[[ DATA SECTION, beginning ]]

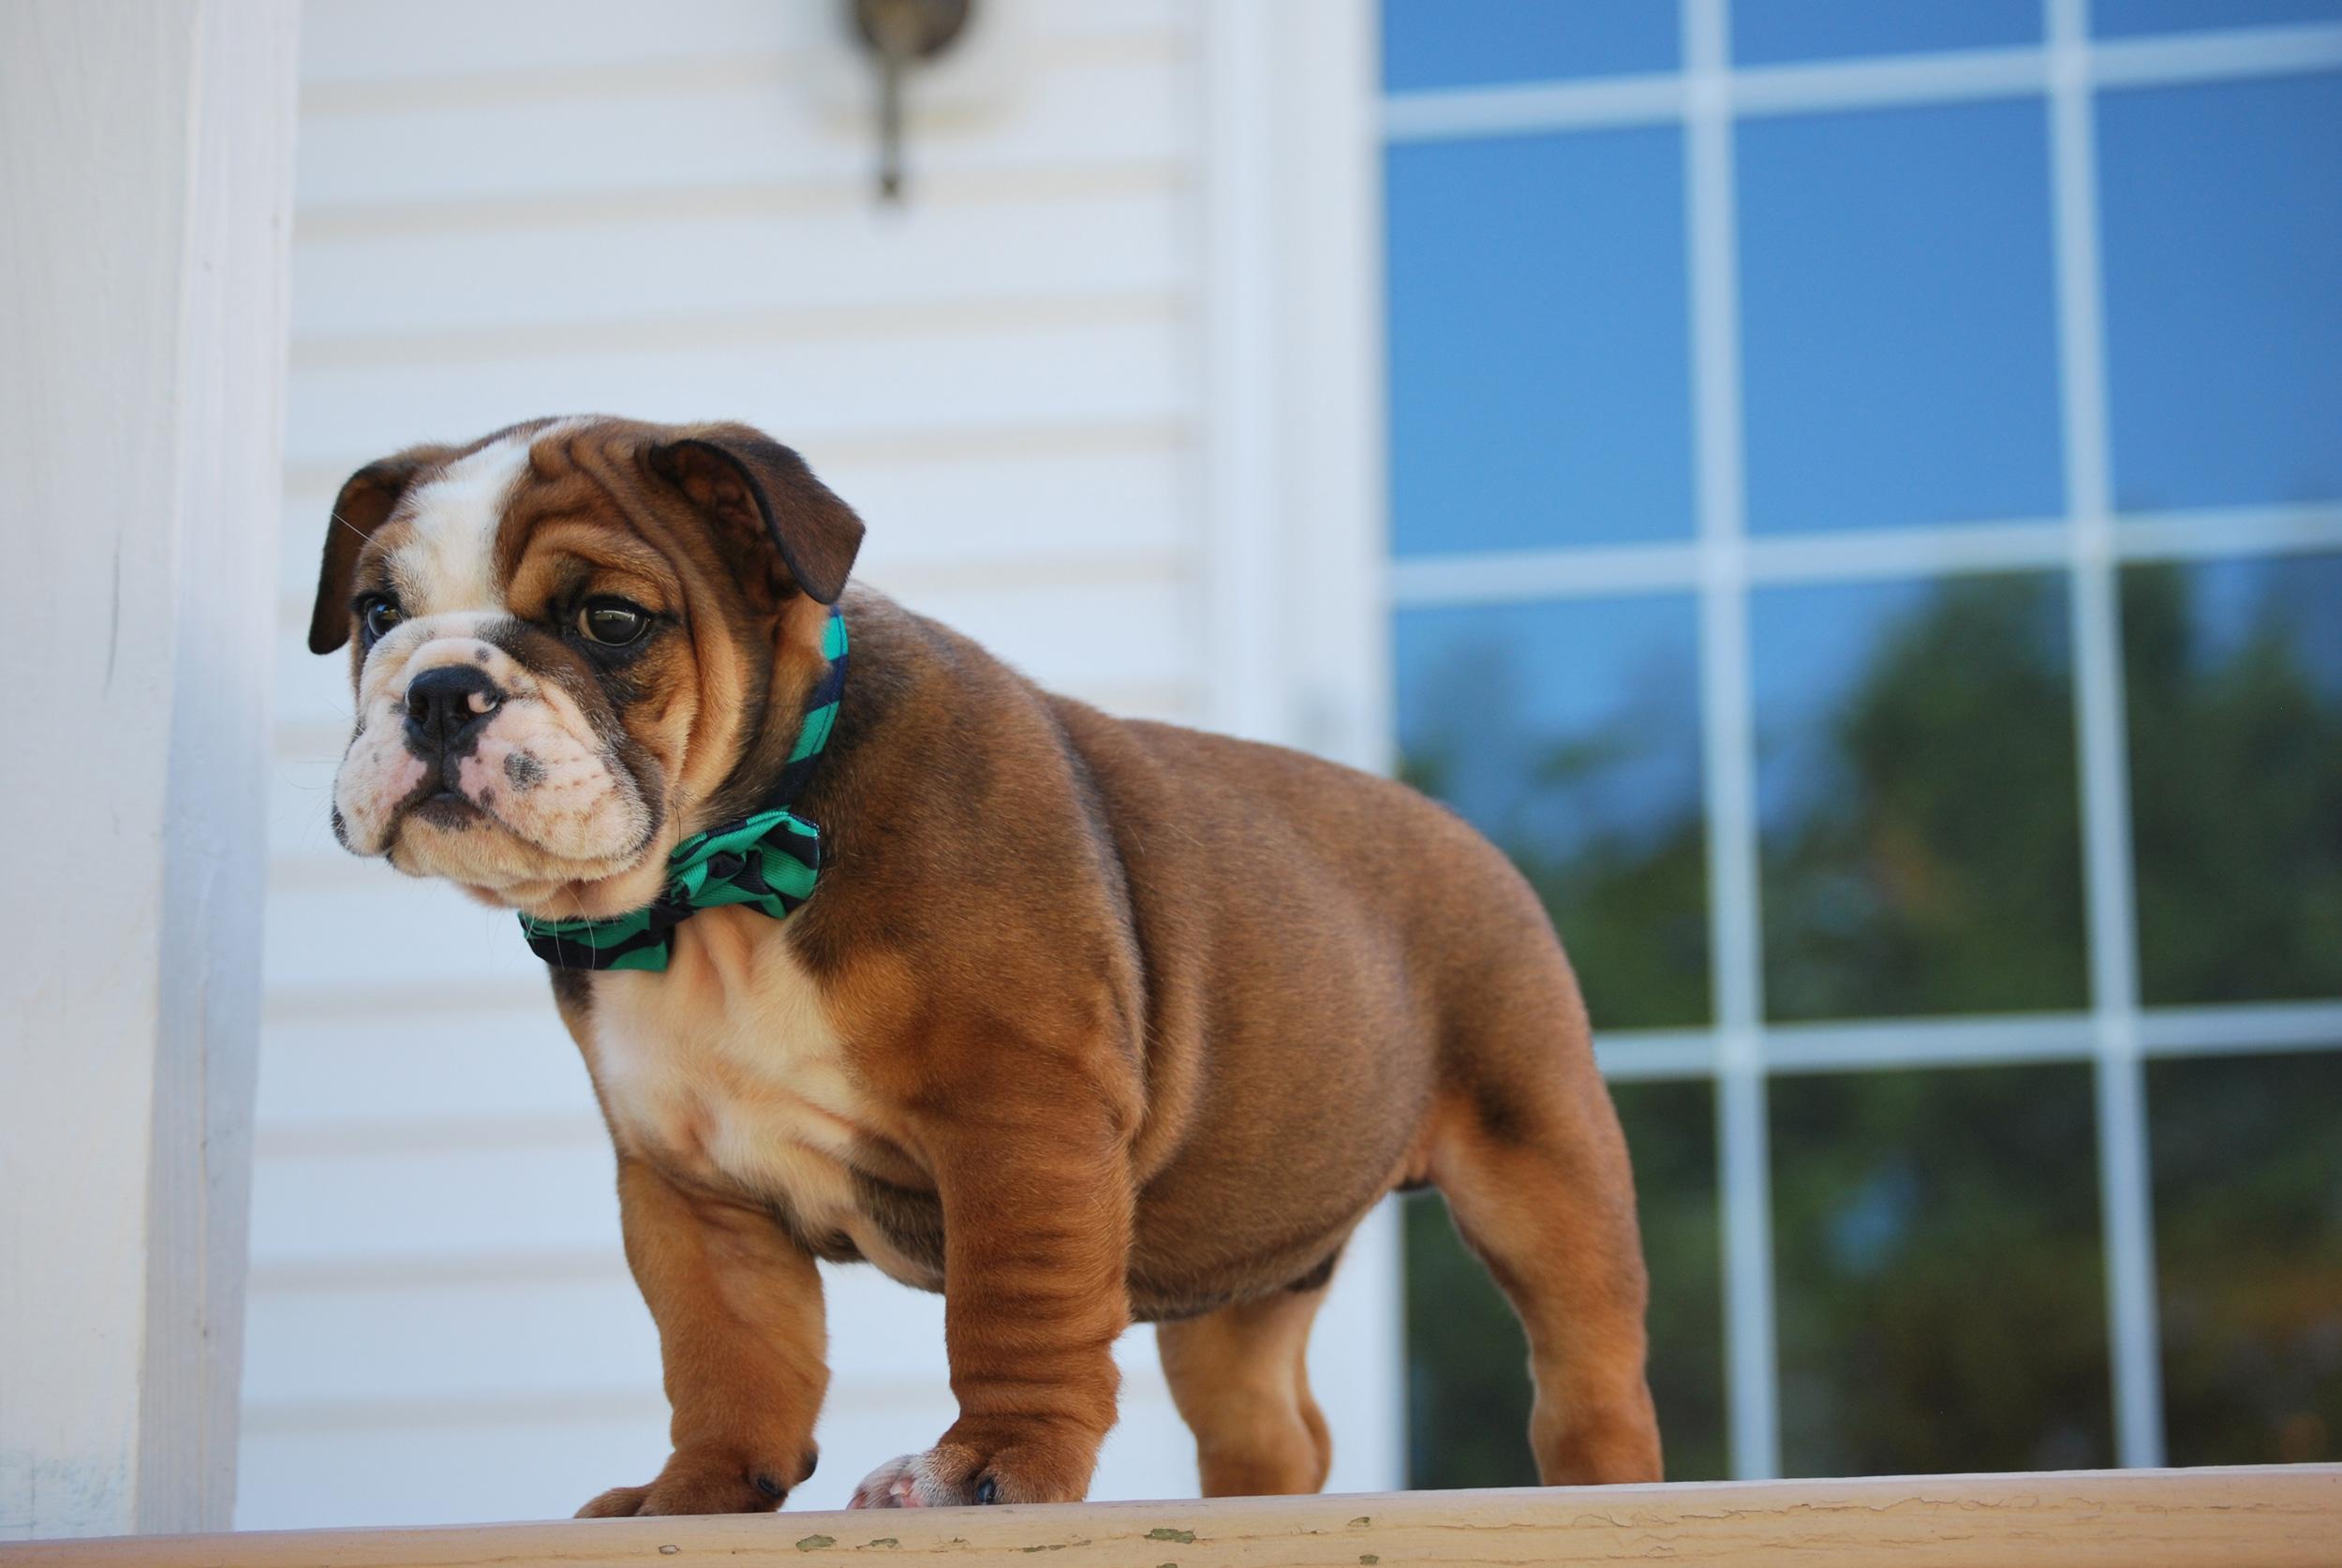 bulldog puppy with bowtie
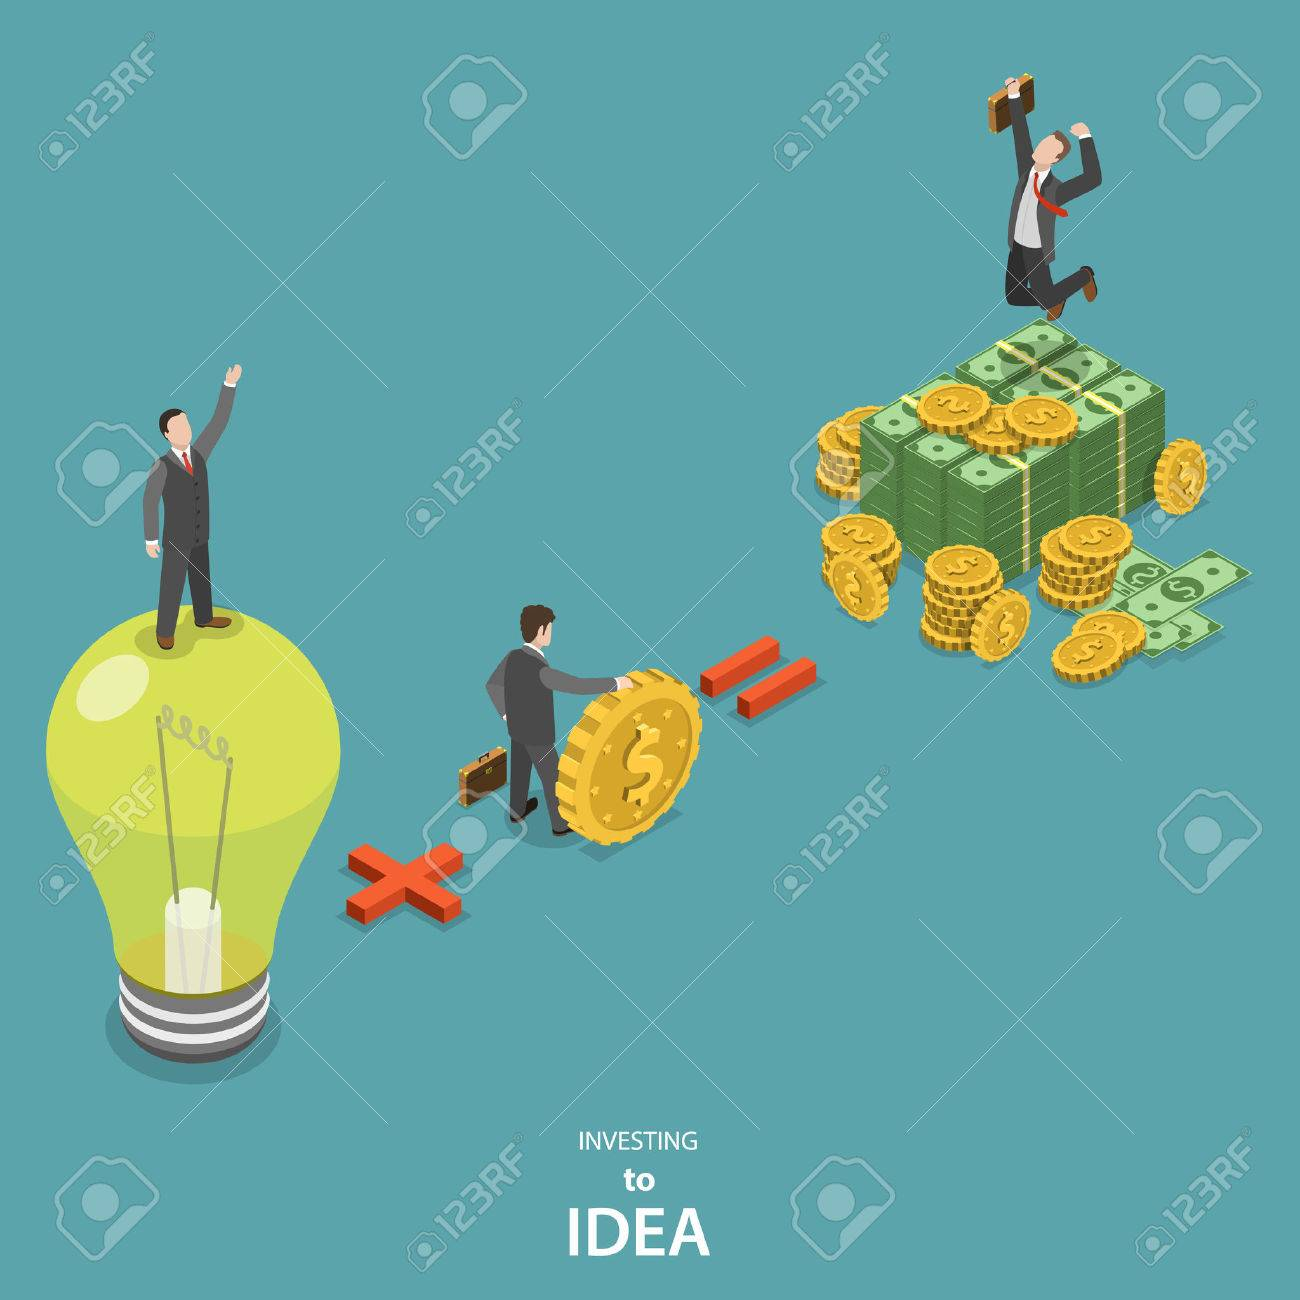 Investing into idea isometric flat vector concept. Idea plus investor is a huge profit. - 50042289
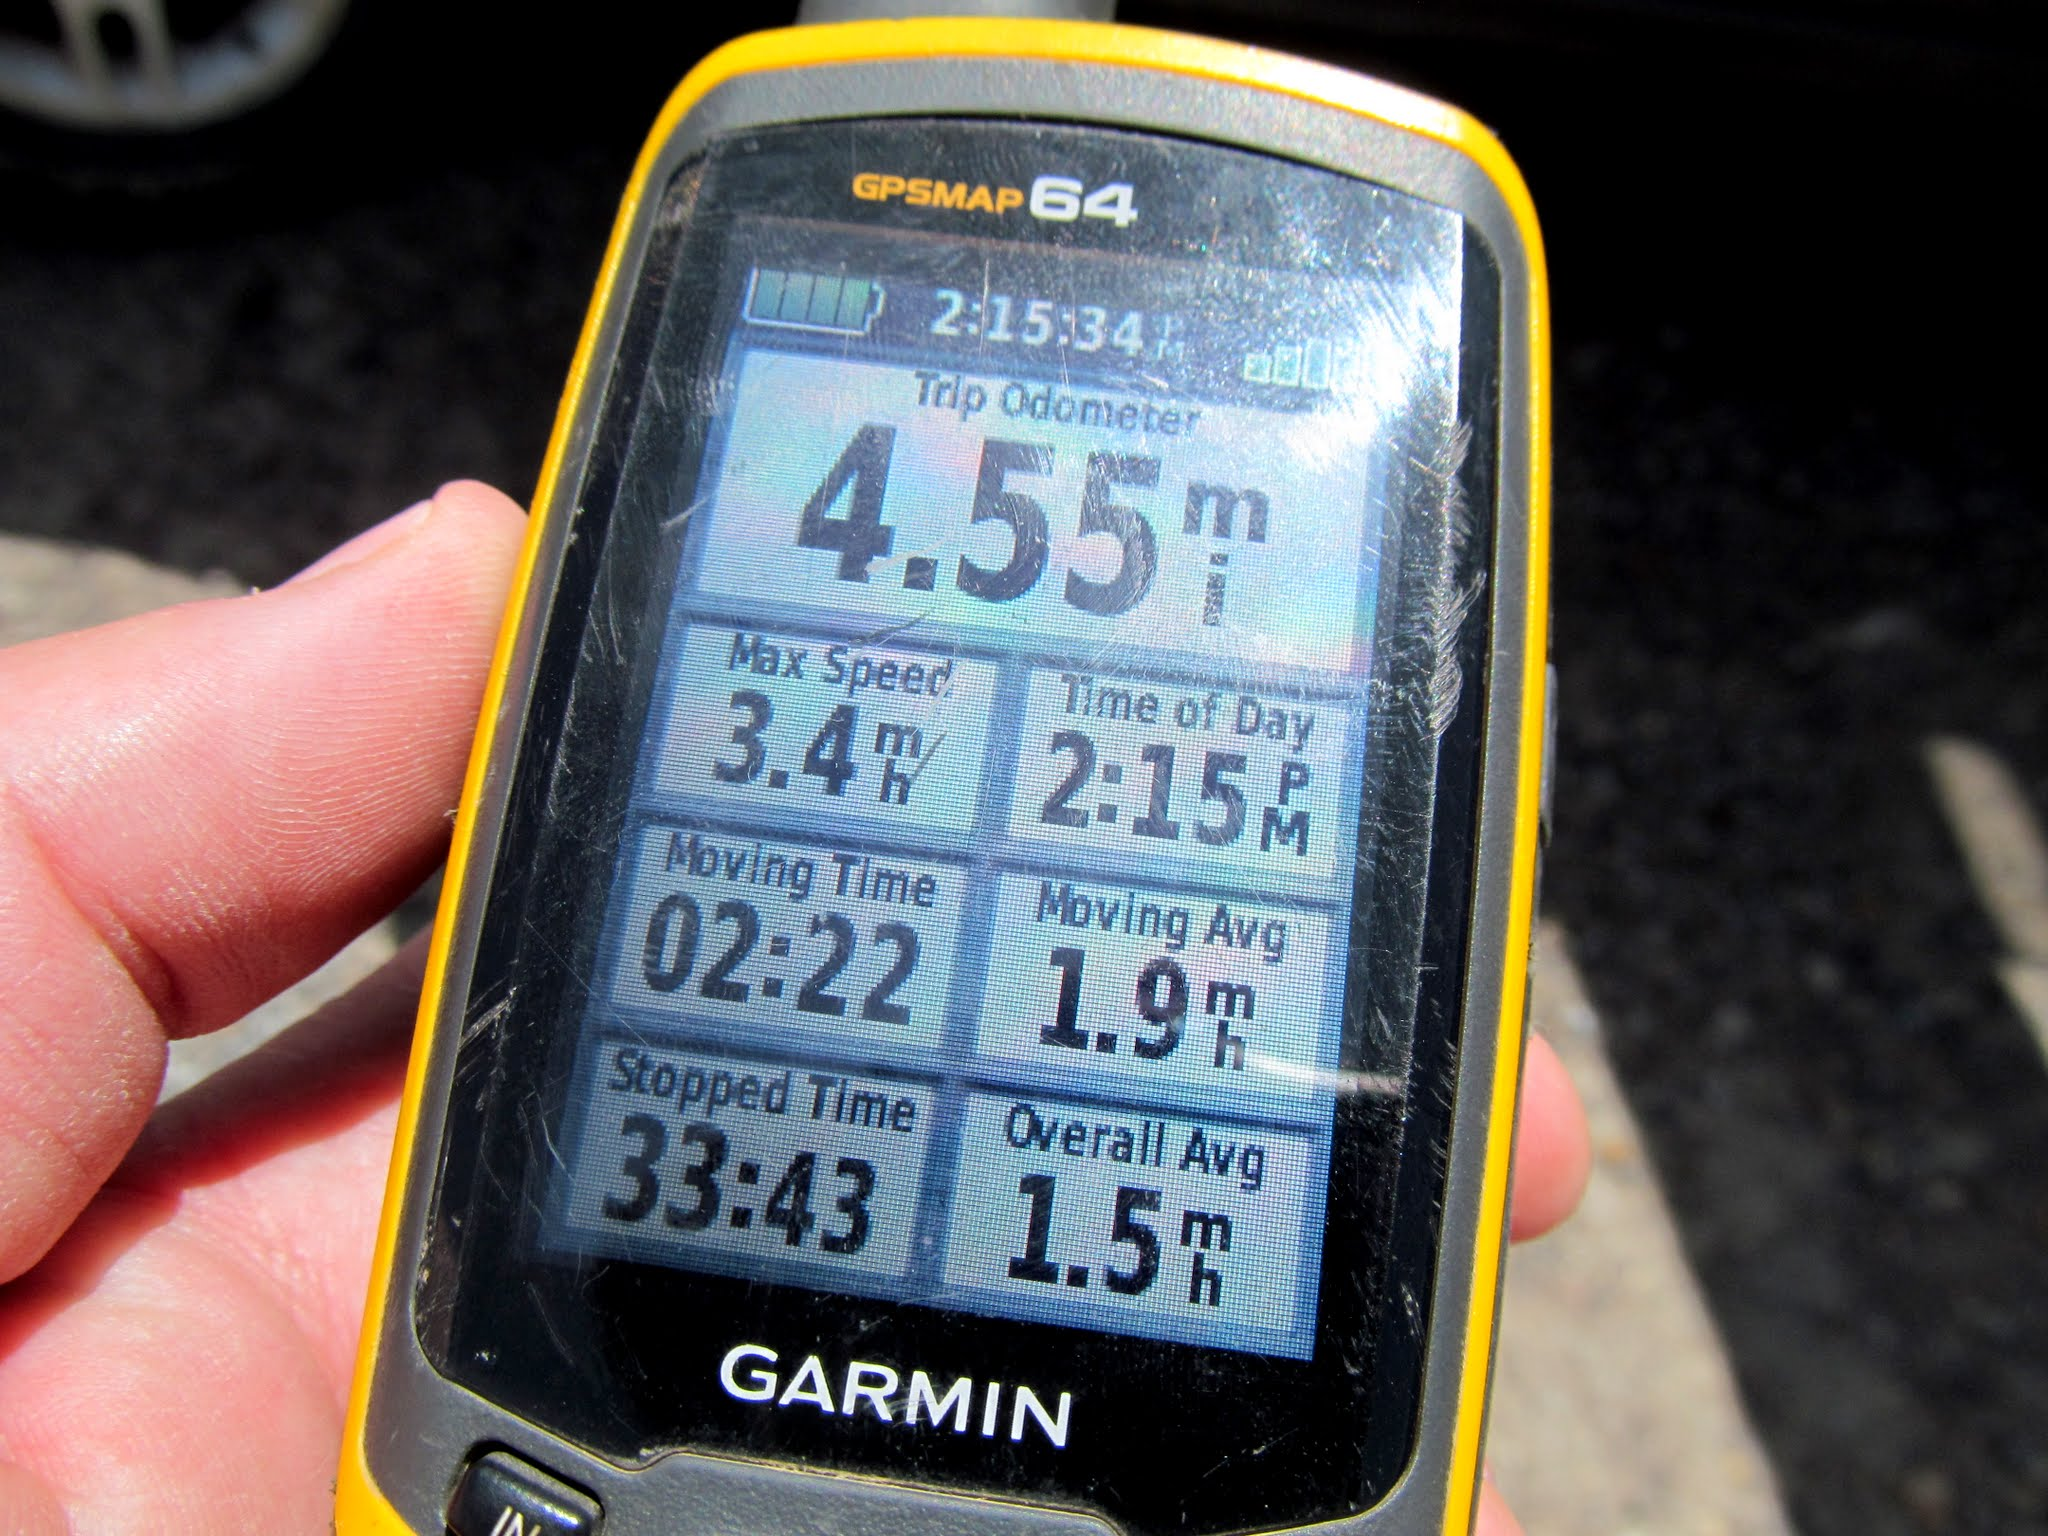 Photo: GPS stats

[[ DATA SECTION, end ]]

PROBLEM TO WORK ON:
Transcribe the listing exactly; omit all images.

EXERCISE OUTPUT:
 bulldog puppy with bowtie
 Investing into idea isometric flat vector concept. Idea plus investor is a huge profit. - 50042289
 Photo: GPS stats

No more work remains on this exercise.